To Beignet or Not To Beignet: The History of One of NOLA’s Favorite Foods


Other cities and states have tried to recreate this delicious treat, usually in restaurants that feature New Orleans cuisine, but very few come close to matching the authentic, real deal. But where and when did this New Orleans legacy begin?

We owe this New Orleans staple to the French colonists that came to Louisiana in the 18th century and introduced a number of different sweet treats like compotes, souffles, and the beignet, which is French for “fritter.” The Creole people throughout the region took the concept of these sweets and intermingled it with some of the locally-grown fresh fruit, producing fruit-filled fritters. Over the years, this special, square, French-style doughnut grew in popularity, eventually being famously served with a generous dusting of powdered sugar. Yum!

Are your taste buds out of control yet? If you can’t wait another second to sample a true New Orleans beignet for yourself, then lucky for you, you just need to take a little stroll. One of the most popular and well-known places to get beignets in the Big Easy is none other than Café du Monde, and it’s only minutes away from the Andrew Jackson Hotel. 

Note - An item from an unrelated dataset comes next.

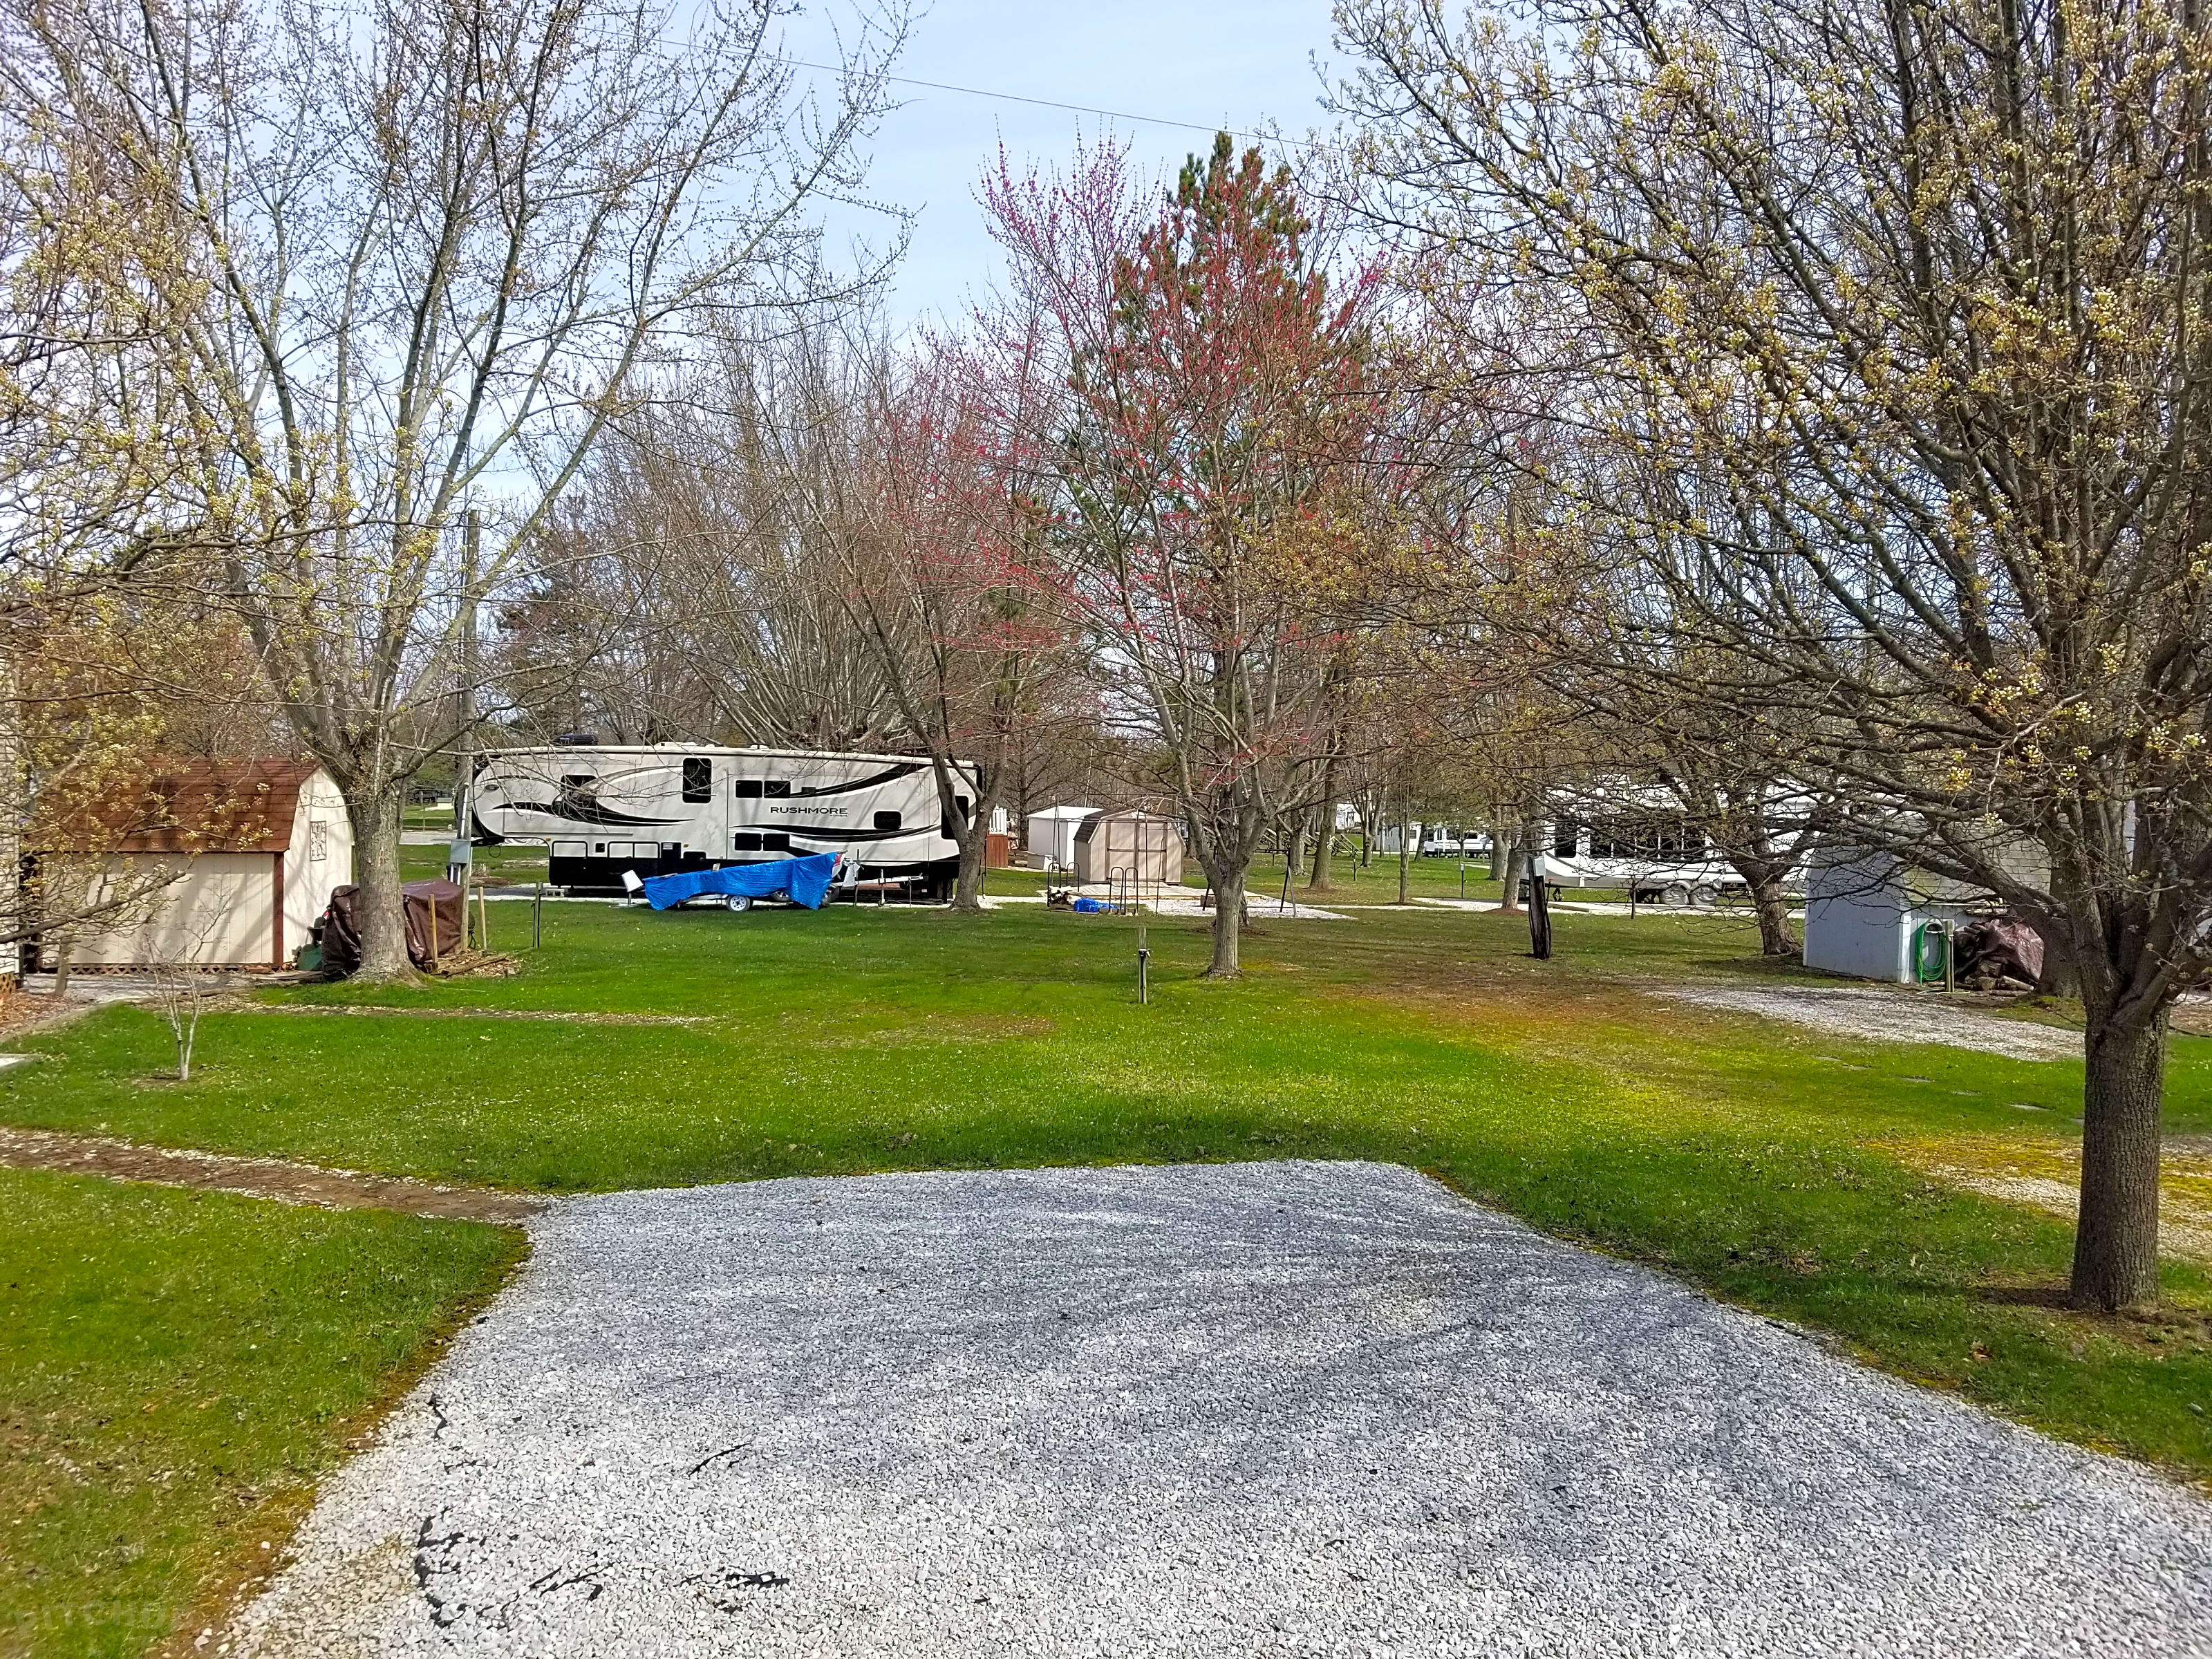 Claremar Twin Lakes Camping Resort, New London Updated 2020 prices

You can indulge in an order or two of these tasty morsels (or three or four, we won’t tell - and just to be clear, one order includes three beignets) while sipping on another NOLA favorite, café au lait. There are two downtown locations where you can get your Café du Monde beignet fix; the first is the original 1862 location found in the historic French Market, and the second is located inside of The Outlet Collection at the Riverwalk.

No matter where you decide to partake in this New Orleans classic, you can easily get there with a walk from the conveniently located Andrew Jackson Hotel. Enjoy the sights and sounds of the city, take a beignet break, then spend the rest of the day exploring before returning to your comfortable and charming accommodations. 

A final word of caution: if you plan to eat beignets, you might want to steer clear of wearing dark clothing - there’s just no avoiding the powdered sugar frenzy - but that’s part of what makes the experience so darn delicious.